[ABOUT THIS TASK] Starting at the line that contains "Nine in the" and stopping at the line that contains "The Transnational Optic", transcribe every line of the material below exactly; pictures stay out.

[RECORD EXCERPTS]
*** Begin section ***
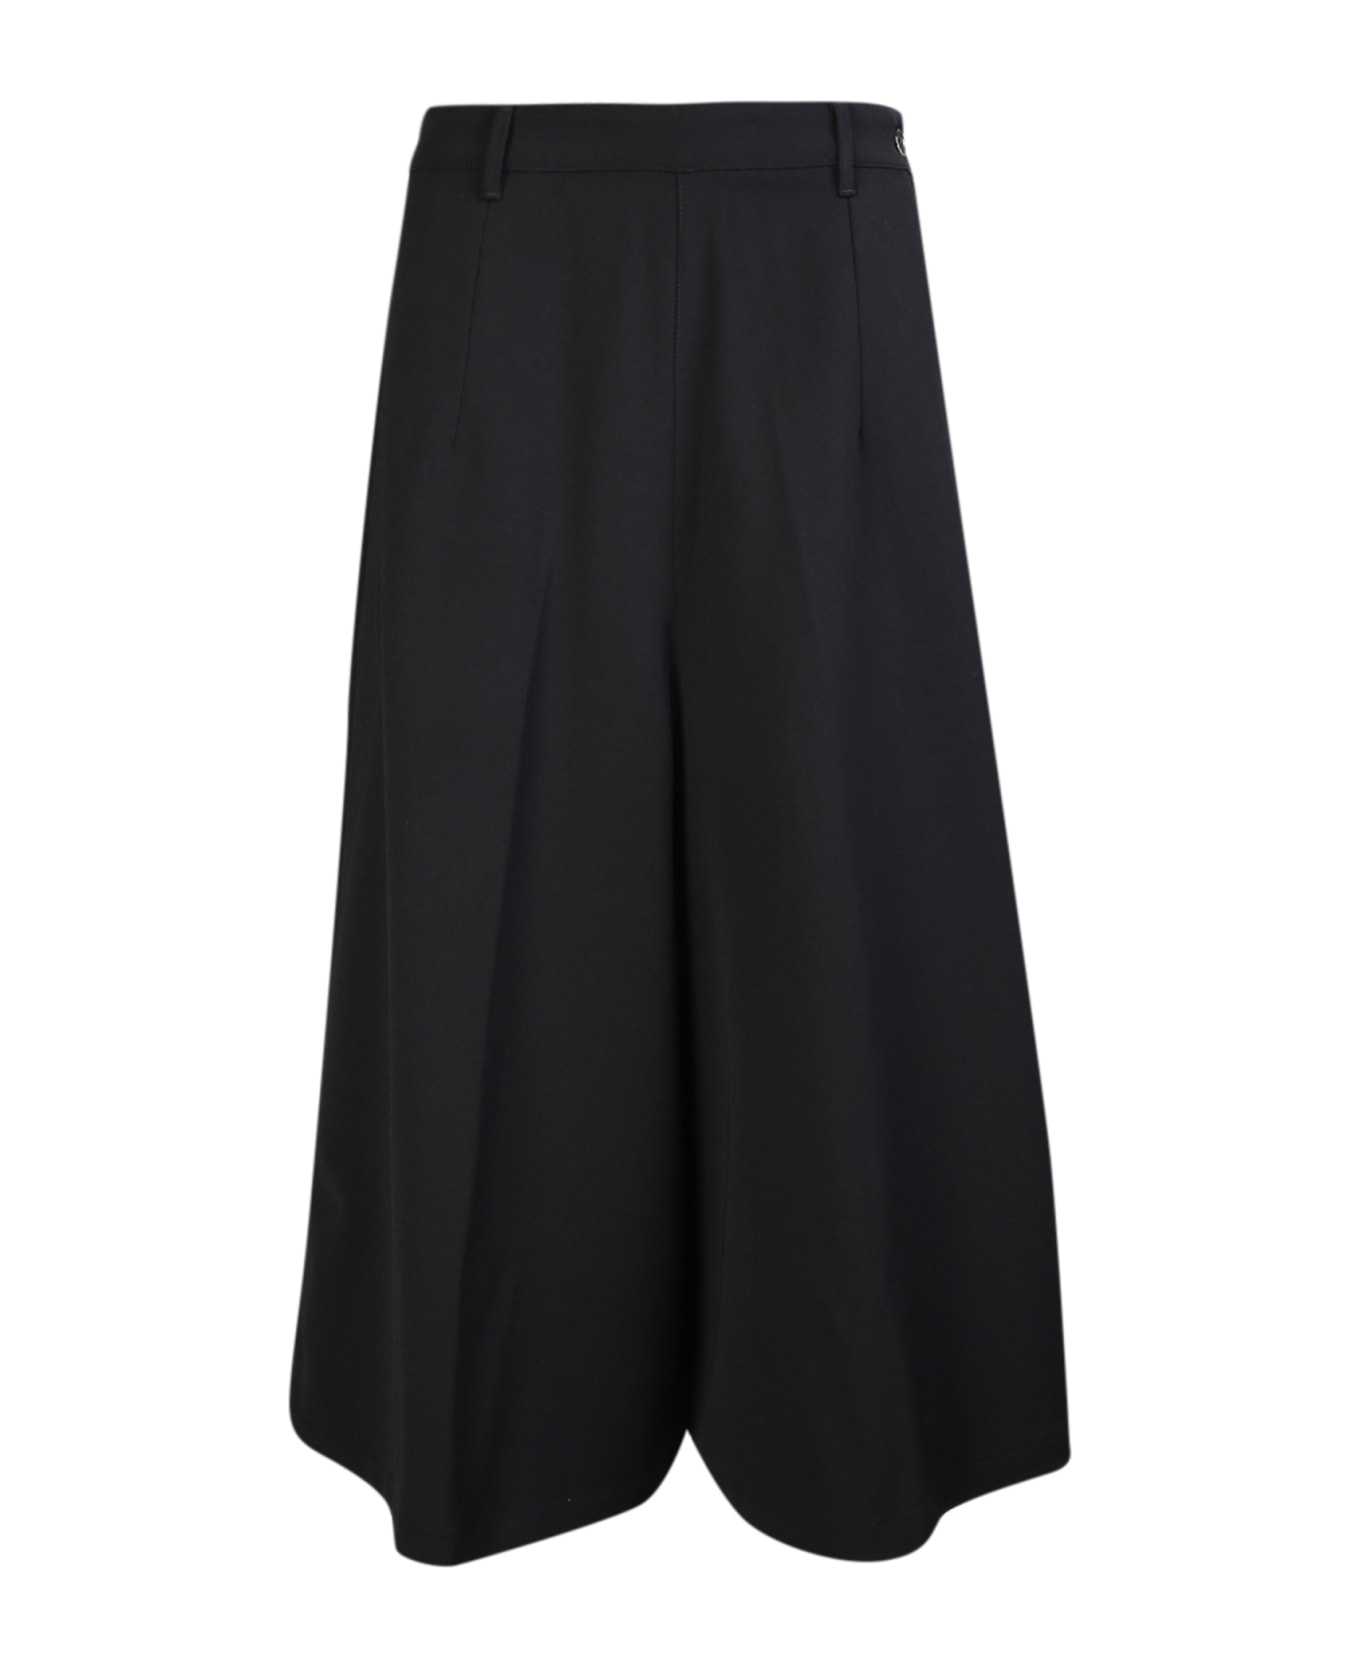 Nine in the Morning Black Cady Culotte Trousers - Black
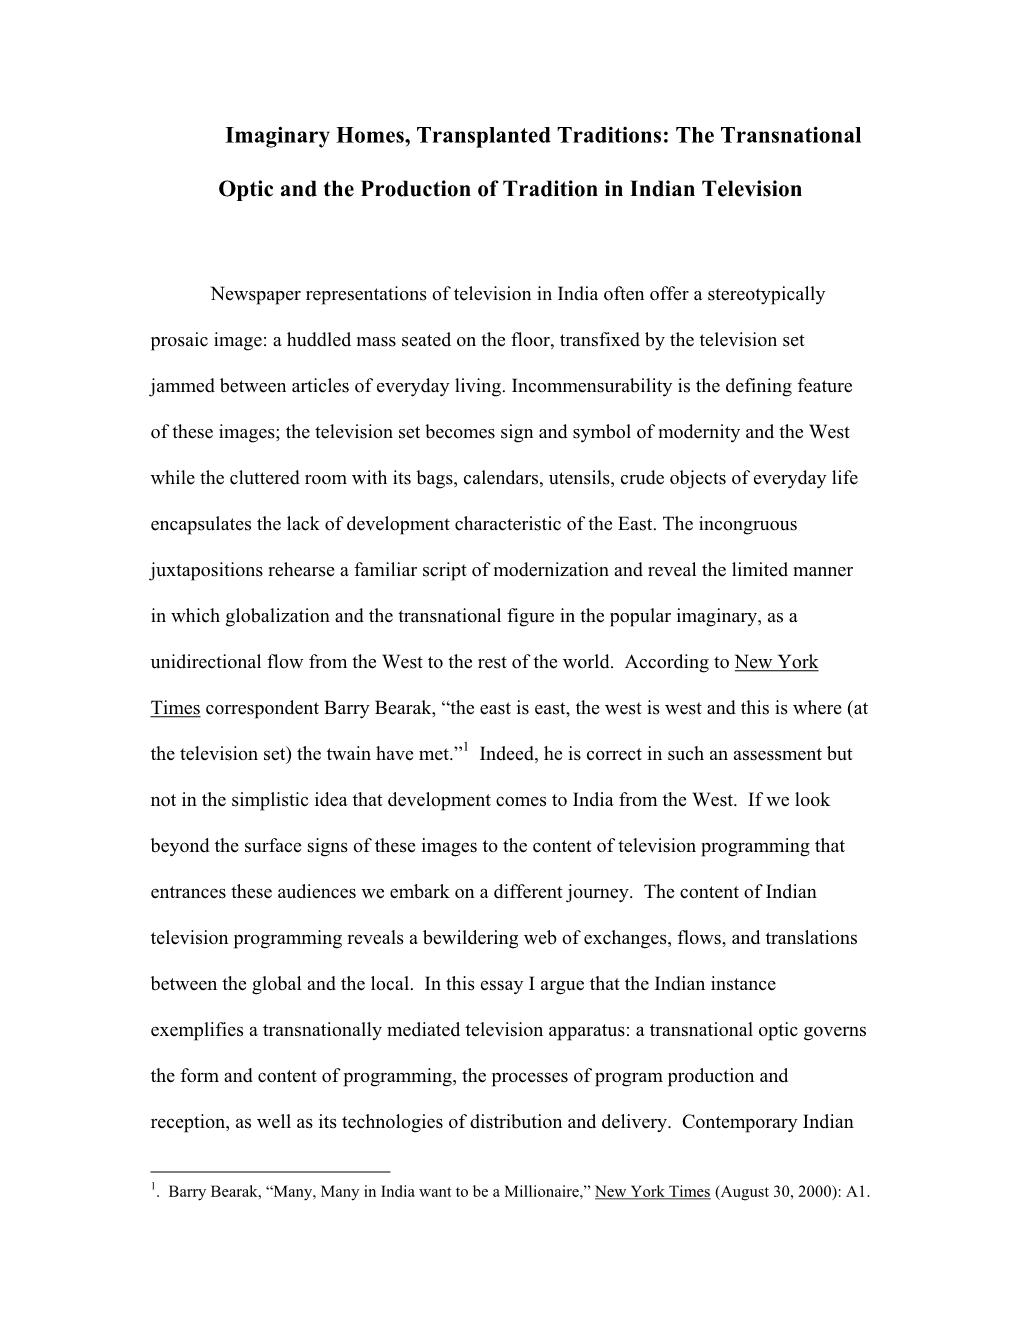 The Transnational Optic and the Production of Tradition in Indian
*** End section ***
*** Begin section ***
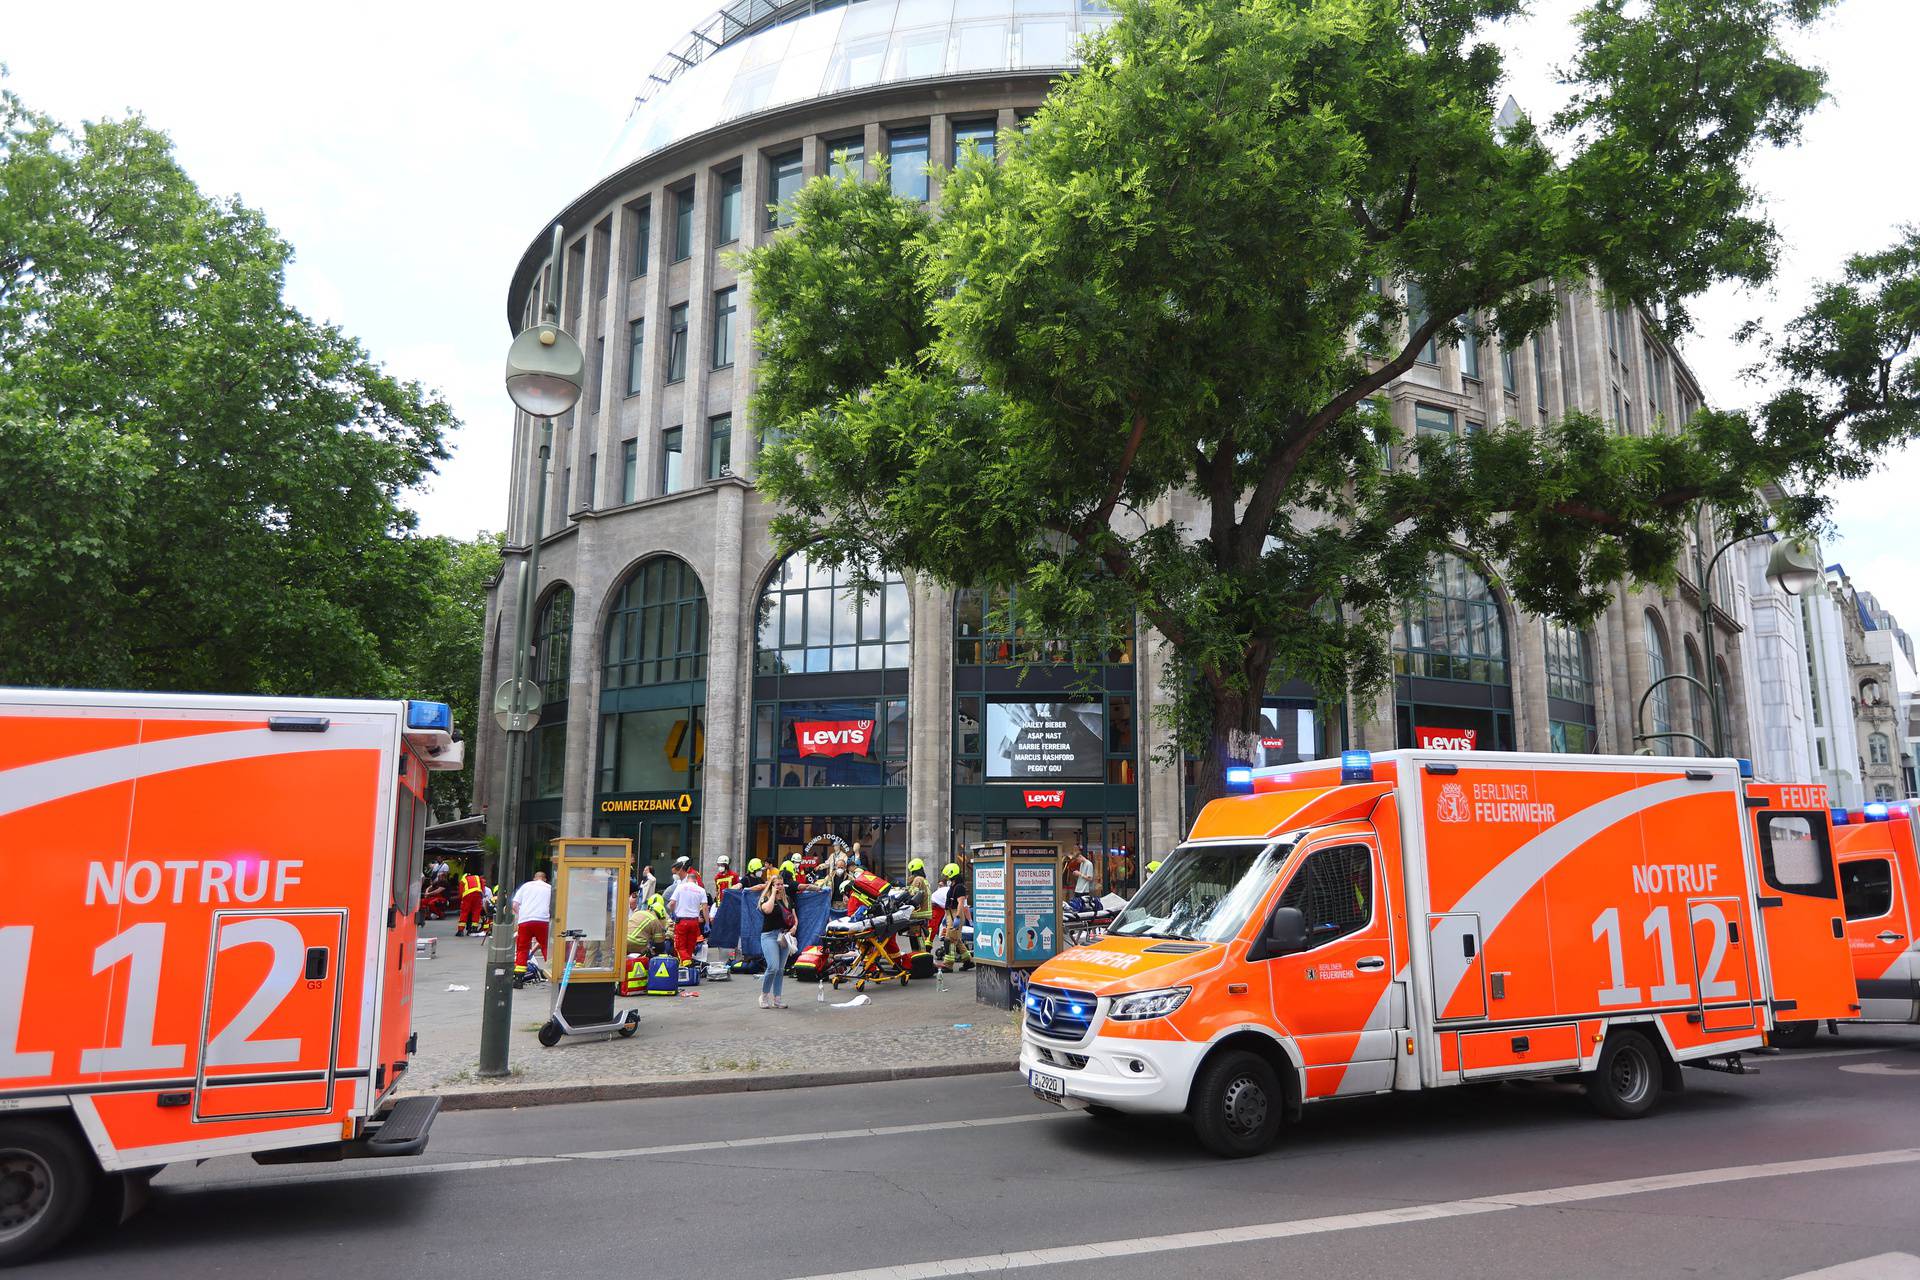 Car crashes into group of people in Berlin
*** End section ***
[RESPONSE AREA]
 Nine in the Morning Black Cady Culotte Trousers - Black
 The Transnational Optic and the Production of Tradition in Indian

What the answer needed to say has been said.